March 9, 1903 (Monday)
Elizabeth Milbank Anderson is identified as the donor of $1,000,000 to Barnard College, a women's college in New York, United States.

March 10, 1903 (Tuesday)
Born:  Bix Beiderbecke, jazz musician (died 1931), in Davenport, Iowa

March 11, 1903 (Wednesday)
Born: Ronald Syme, New Zealand classical scholar and historian, in Eltham (died 1989)

March 12, 1903 (Thursday)
The University of Puerto Rico is officially founded.

March 13, 1903 (Friday)
Having abolished the Sokoto Caliphate in West Africa, the new British administration accepts the concession of the last Vizier of the Caliphate and appoints Muhammadu Attahiru II as the new Caliph.

March 14, 1903 (Saturday)
The Hay–Herrán Treaty, granting the United States the right to build the Panama Canal, is ratified by the United States Senate.
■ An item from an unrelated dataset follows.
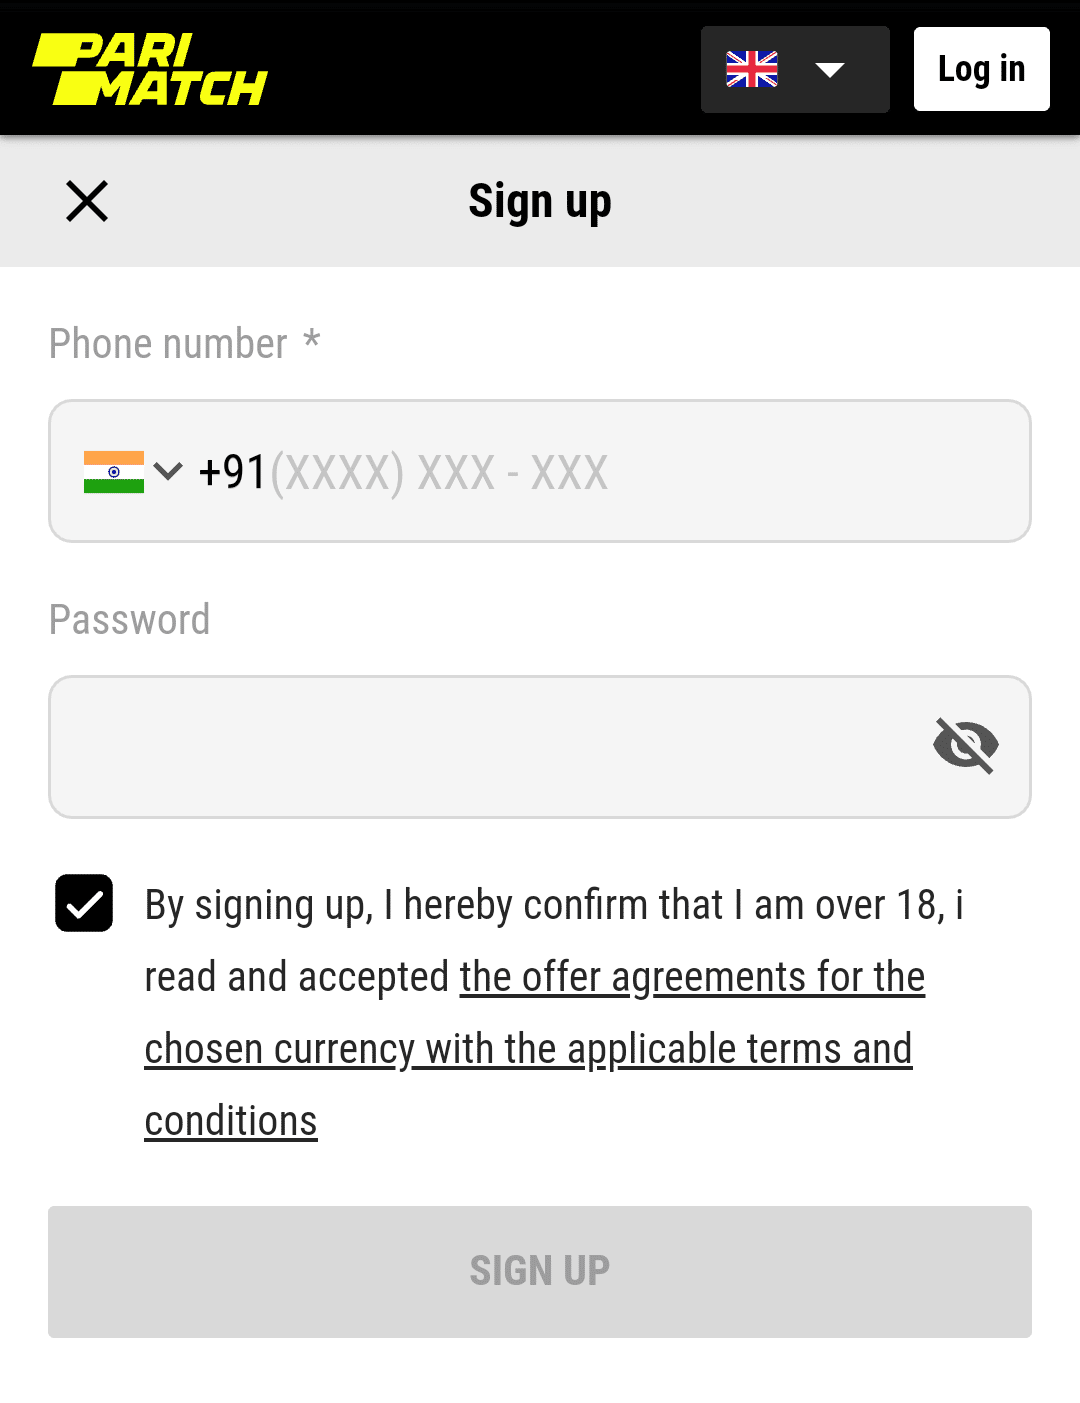 Sign up interface on mobile

The Colombian Senate later rejects the treaty.
Born: 
Mustafa Barzani, Kurdish military leader, in Barzan, Iraq (died 1979)
Adolph Gottlieb, US abstract expressionist painter, sculptor and printmaker, in New York City (died 1974)

March 15, 1903 (Sunday)

March 16, 1903 (Monday)

March 17, 1903 (Tuesday)

March 18, 1903 (Wednesday)
Born: Galeazzo Ciano, Italian politician, in Livorno (died 1944)

March 19, 1903 (Thursday)
Died: Pista Dankó, 44, Hungarian Romani bandleader and composer (lung disease)

March 20, 1903 (Friday)
Died: Charles Godfrey Leland, 78, US humorist, writer, and folklorist

March 21, 1903 (Saturday)

March 22, 1903 (Sunday)

March 23, 1903 (Monday)
The Wright brothers file a patent application based on the design of their Glider No. 3.

March 24, 1903 (Tuesday)
Born: Frank Sargeson, New Zealand writer, in Hamilton, as Norris Frank Davey (died 1982)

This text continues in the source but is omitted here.